One of his most harrowing memories was the transfer from Flossenbürg to Dachau. Along with 500 other prisoners, he was first forced to march, then packed into freight cars “like cattle,” as he later described in a 1973 interview with the Pittsburgh Press. Only 18 of the 500 survived the journey. My father was one of them.

During our visit to Dachau in 1982, my father shared this story in German with a group of high school students. Hearing him speak about what he had endured—on the very ground where his imprisonment had ended—moved me deeply. Yet even with that experience, Birkenau struck me in ways I hadn’t expected.

Although Dachau had a gas chamber, historical evidence suggests it was never used for mass executions. It was equipped and capable—part of the same machinery of terror—but not used systematically for mass murder like the crematoria at Auschwitz-Birkenau. Most deaths at Dachau occurred through forced labor, shootings, disease, and medical experiments. Still, standing in that room with my father years ago was sobering. Even unused, the gas chamber embodied the intent of a system built on death.

His brother—my uncle—was deported to Auschwitz and survived. He was among those liberated when the Red Army arrived in January 1945. These are not just historical facts to me; they are the roots of my identity.

So I came to Auschwitz not as a historian, nor just as a photographer, but as a son and a nephew. I didn’t come seeking understanding—I don’t believe Auschwitz can be understood. I came to listen, to stand where memory persists, and to bear witness.

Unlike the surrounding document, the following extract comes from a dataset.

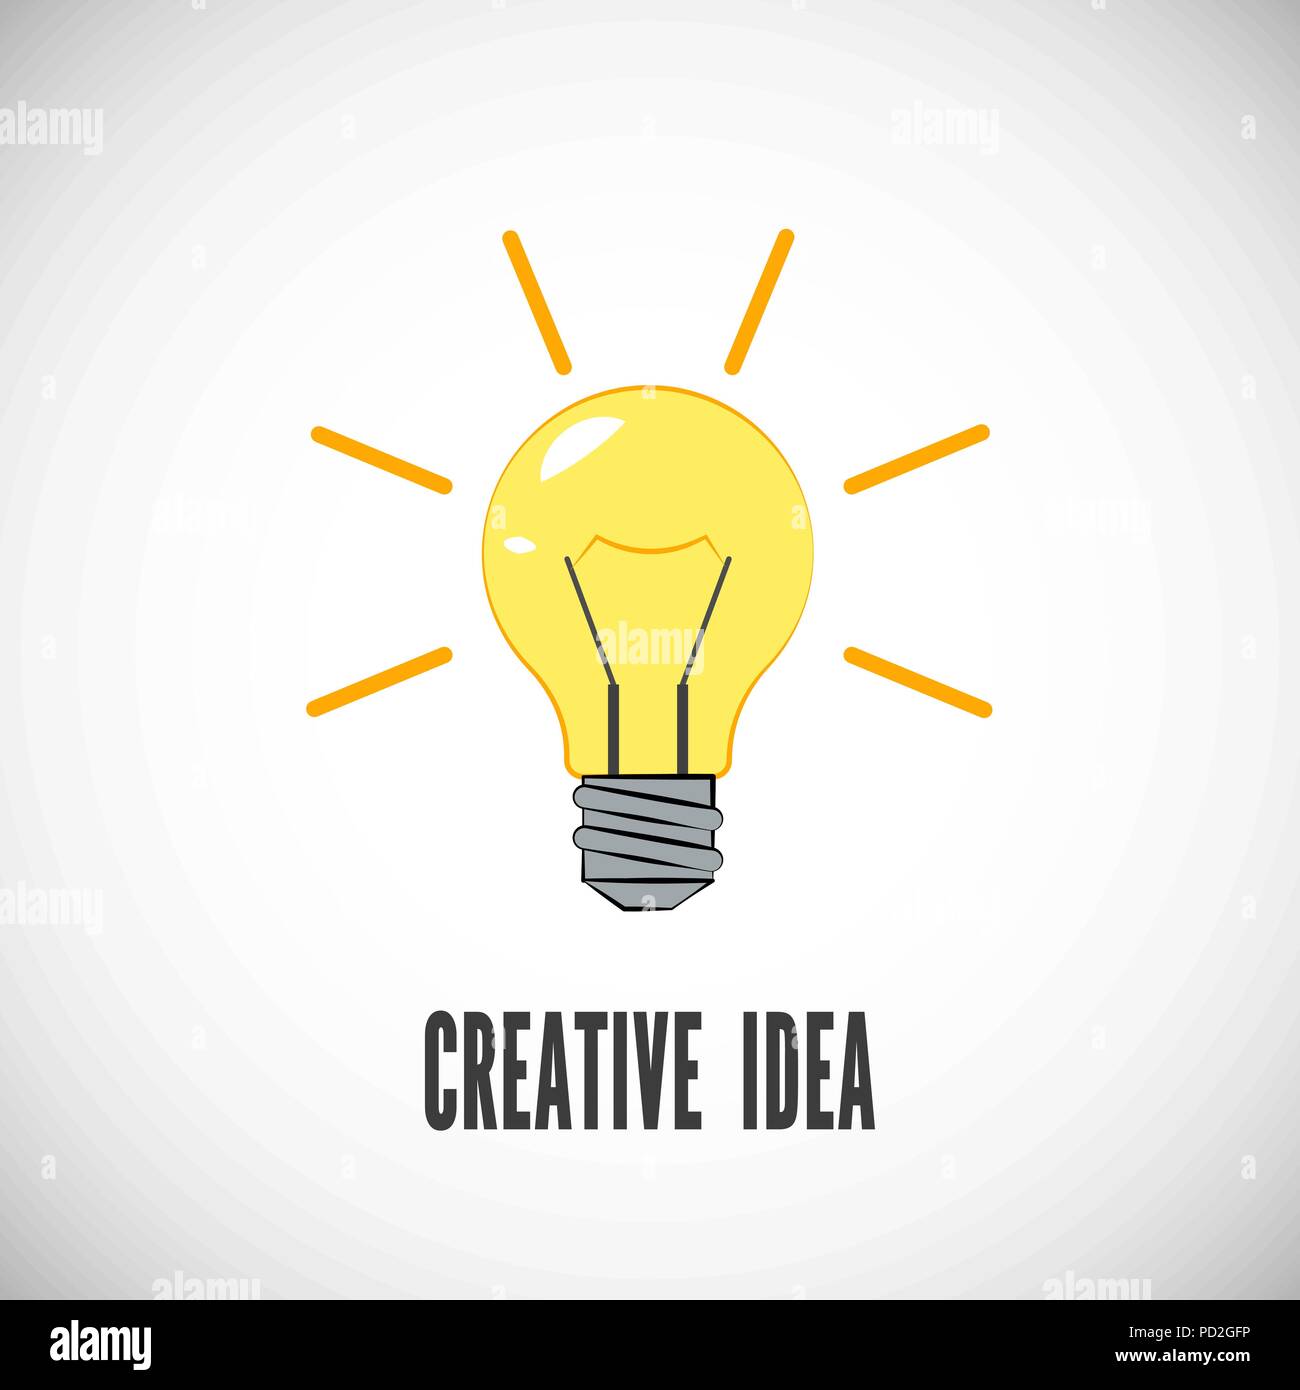 Creative idea. Light bulb with rays shine. Business or start up concept. Energy and idea symbol. Vector illustration Stock Vector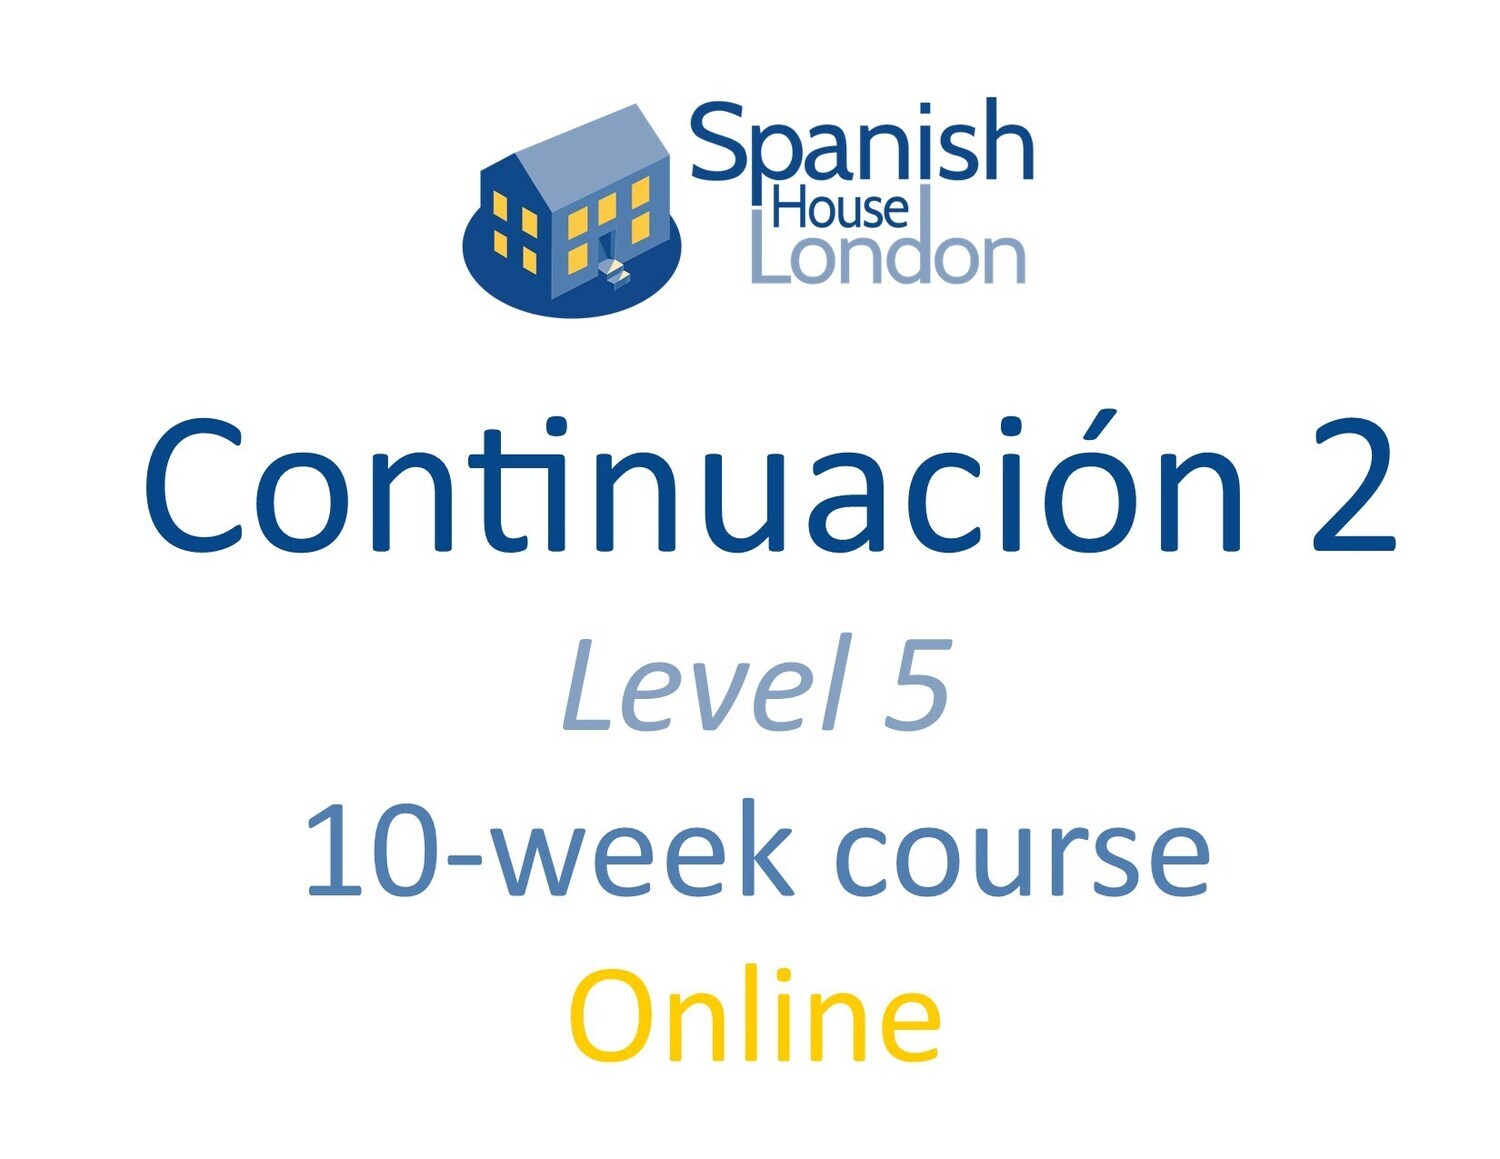 Continuacion 2 Course starting on 13th May at 7.30am Online

What struck me most wasn’t a particular building or exhibit, but the vastness of Birkenau. It spans roughly 346 acres—more than half a square mile of barracks, chimneys, tracks, and ruins. It felt like a mechanized landscape of erasure, a place where lives were reduced, processed, and obliterated. The train tracks still slice through the camp. Rows of chimneys stretch toward the forest line. The emptiness felt both infinite and suffocating. At one point, I stopped walking and heard only the gravel under my shoes and the wind moving through the wire. It was a silence not of peace, but of reverberation.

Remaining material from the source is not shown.